Tengo que decir que empatizo fácilmente con los teachers de este instituto o de cualquier otro por motivos personales, y es que yo misma fui profesora en un colegio y la paciencia era mi herramienta de trabajo diaria, pero uno nunca sabe cómo acertar… y aunque nunca viví una situación ni remotamente parecida, un año fue suficiente para darme cuenta de que aquello no era lo mío.

Pues bien, al grano, tras la agresión viene el pánico, la paranoia, la desorientación y el pavor. A lo largo de la trama, vemos, o mejor dicho intuimos, pedazos de días de…, pero no se da una explicación de lo que ha sucedido. Tampoco hace falta. Sabemos que la vida del profesor está totalmente rota y condenada al ostracismo… y eso es suficiente.
El tiempo se para, la vida deja de ser vida, la vida deja de estar presente en Robert Anderson, él simplemente la mira de lejos, la ve pasar…*Hasta aquí, drama.*

La incómoda situación como espectadores en la que nos sitúa Johannes Roberts es la de ver unas horas, solo unas horas, que pasan como un tornado, como un tornado sigiloso, uno que no avisa. Comienza el terror.
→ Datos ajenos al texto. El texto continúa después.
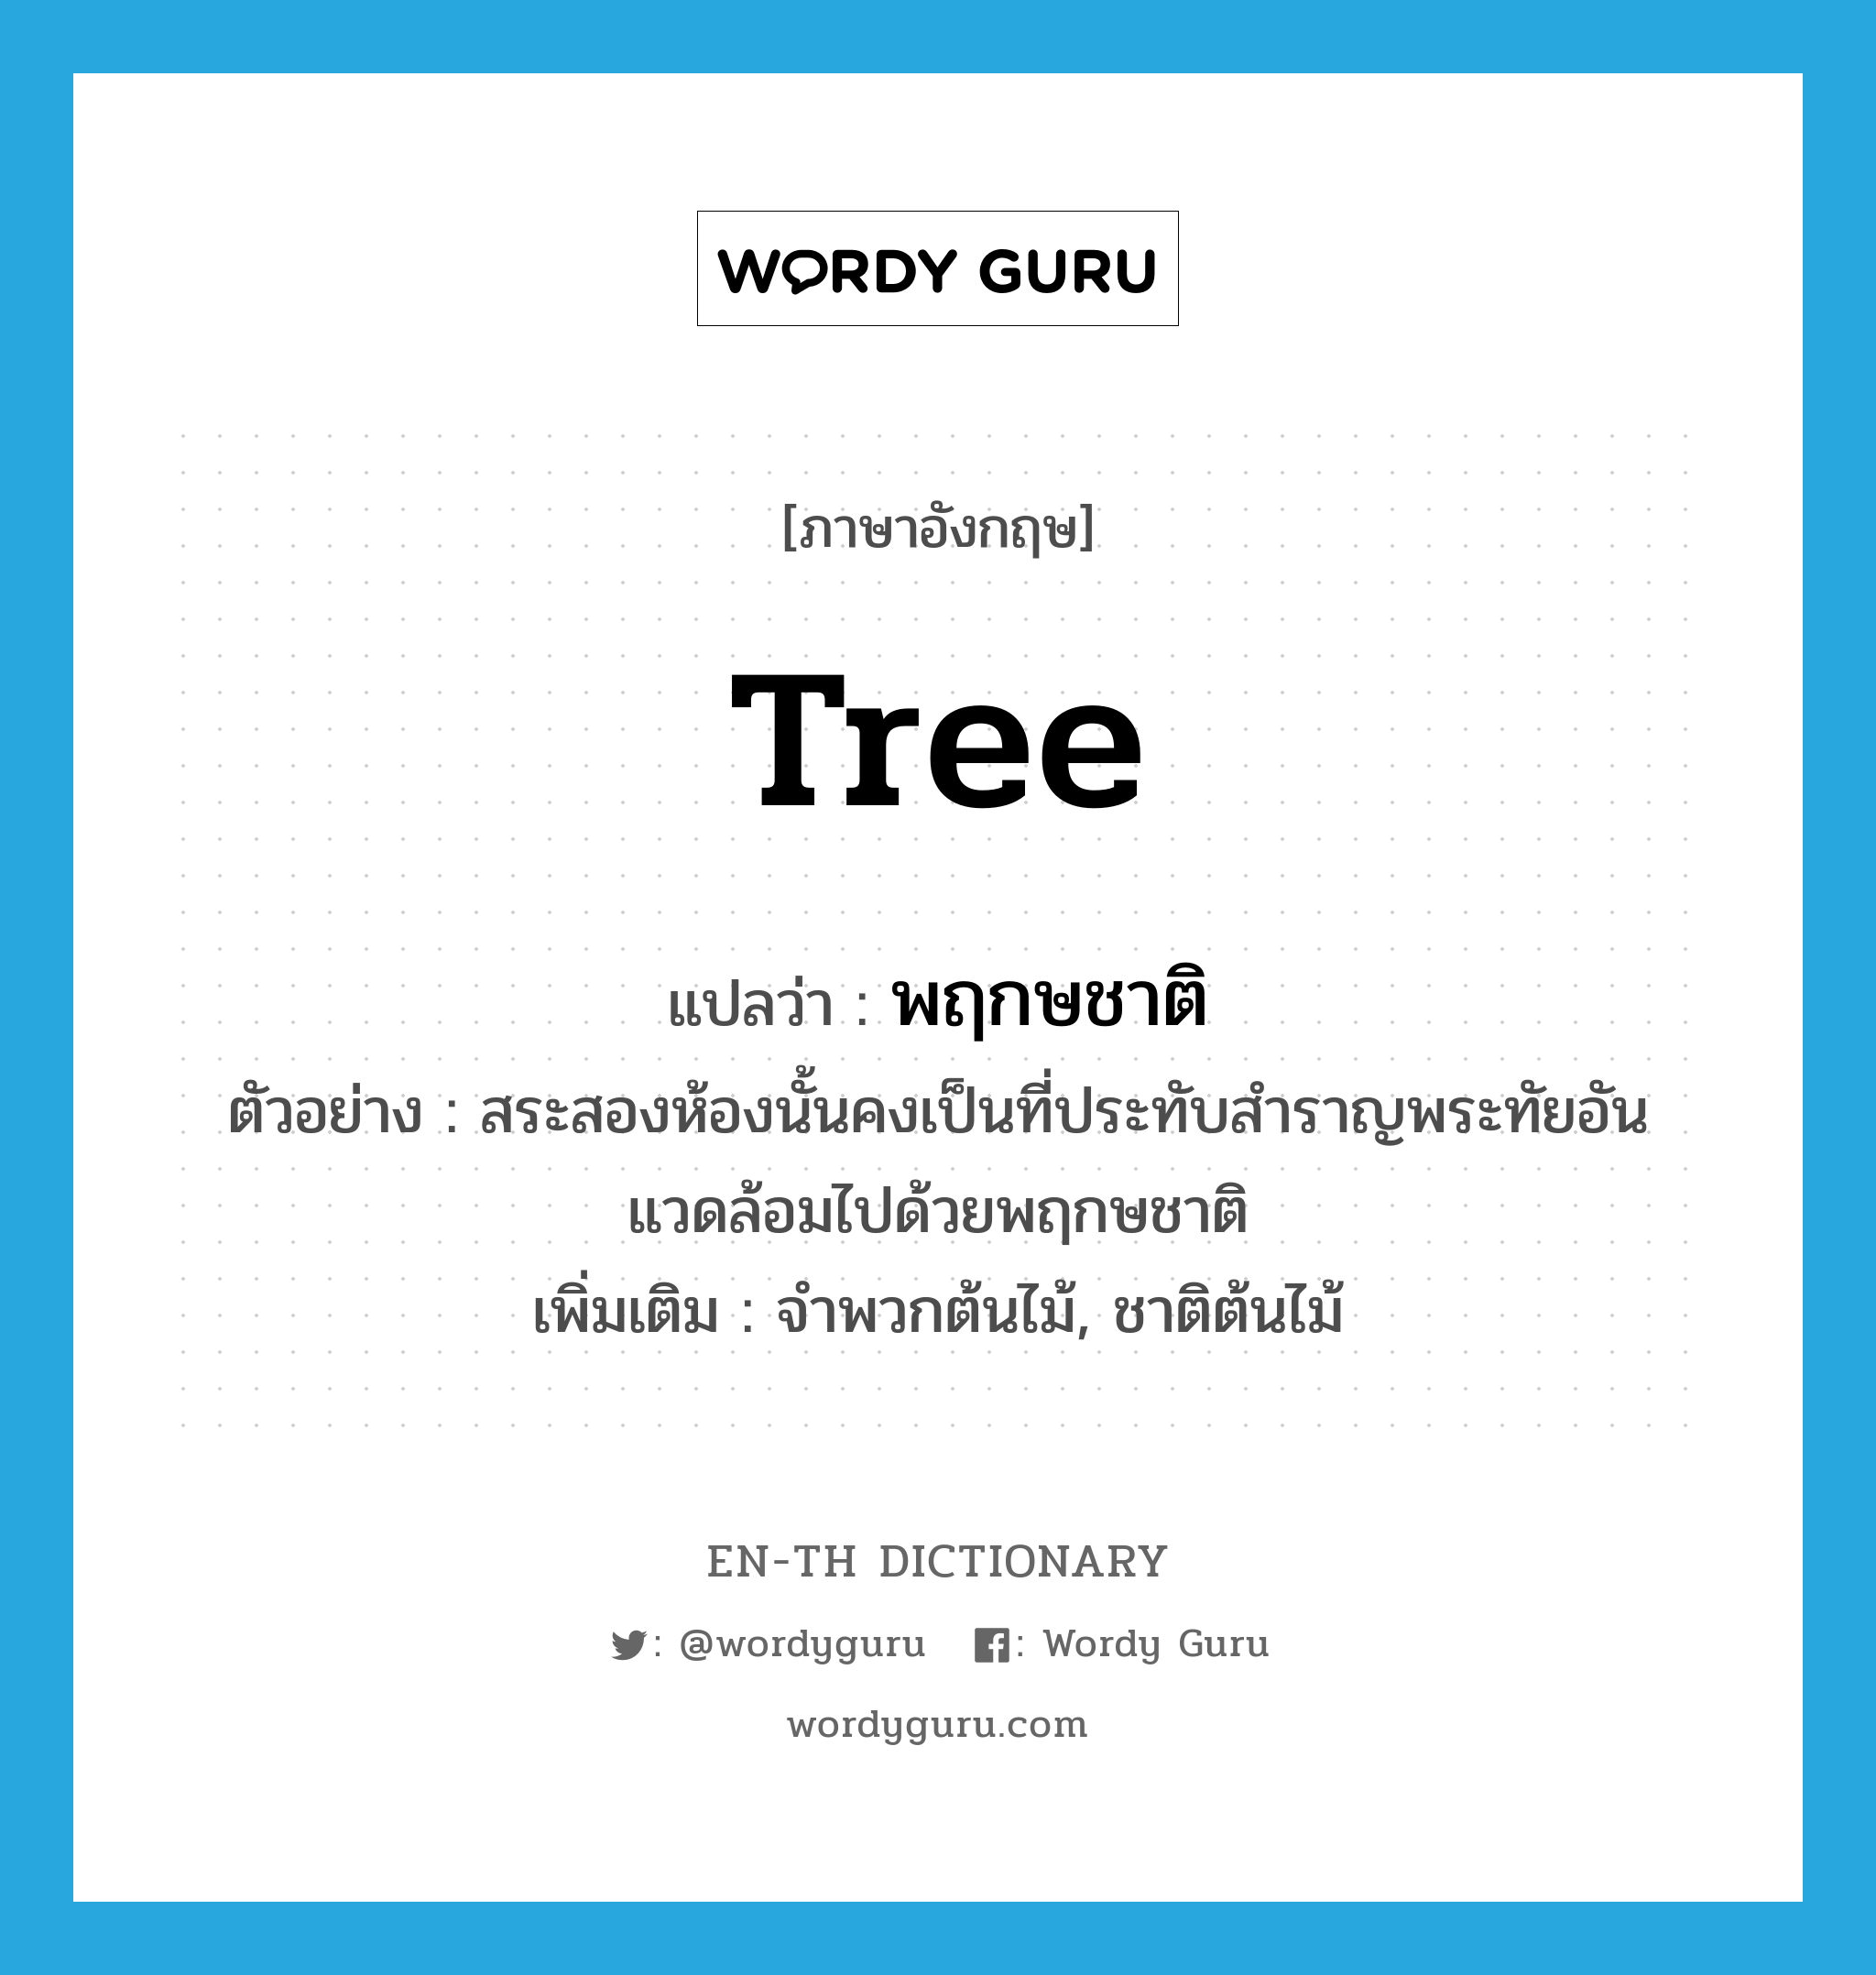 tree แปลว่า?, คำศัพท์ภาษาอังกฤษ tree แปลว่า พฤกษชาติ ประเภท N ตัวอย่าง สระสองห้องนั้นคงเป็นที่ประทับสำราญพระทัยอันแวดล้อมไปด้วยพฤกษชาติ เพิ่มเติม จำพวกต้นไม้, ชาติต้นไม้ หมวด N

Un grupo de chicos, de los que no sabemos absolutamente nada, irrumpen en el instituto. Van armados con cuchillos, barras de hierro, enormes llaves inglesas, cutters y muy mala hostia.
La tragedia se desata silenciosa, algo terrorífico, ya que las muertes son de una brutalidad extrema y ni siqueira oímos un solo grito, no vemos una sola carrera (a excepción de Kate, la hija del profesor…), no hay ni una sola lucha por la supervivencia, asistimos a una masacre sin sentido (ninguna lo es, pero aquí,realmente, no hay razón…), a una noche vacía, sádica, cruel, despiadada e incomprensible. Una noche que parece no haber pasado.

Los chicos sin rostro, sin edad y sin motivación, además cuentan con una agilidad asombrosa, que no hace mas que acrecentar la tensión, y TENSIÓN es la palabra clave para definir esta película. Tensión máxima y absoluta. El hecho de que el espectador se sienta indefenso ante esta panda de cafres es la mayor baza de “F”, el hecho de que no haya ninguna referencia en este sentido, hace que el espectador esté desubicado, que sienta rabia hasta la nausea, que sienta la misma tensión que los protagonistas y el sudor bajándole por la espalda.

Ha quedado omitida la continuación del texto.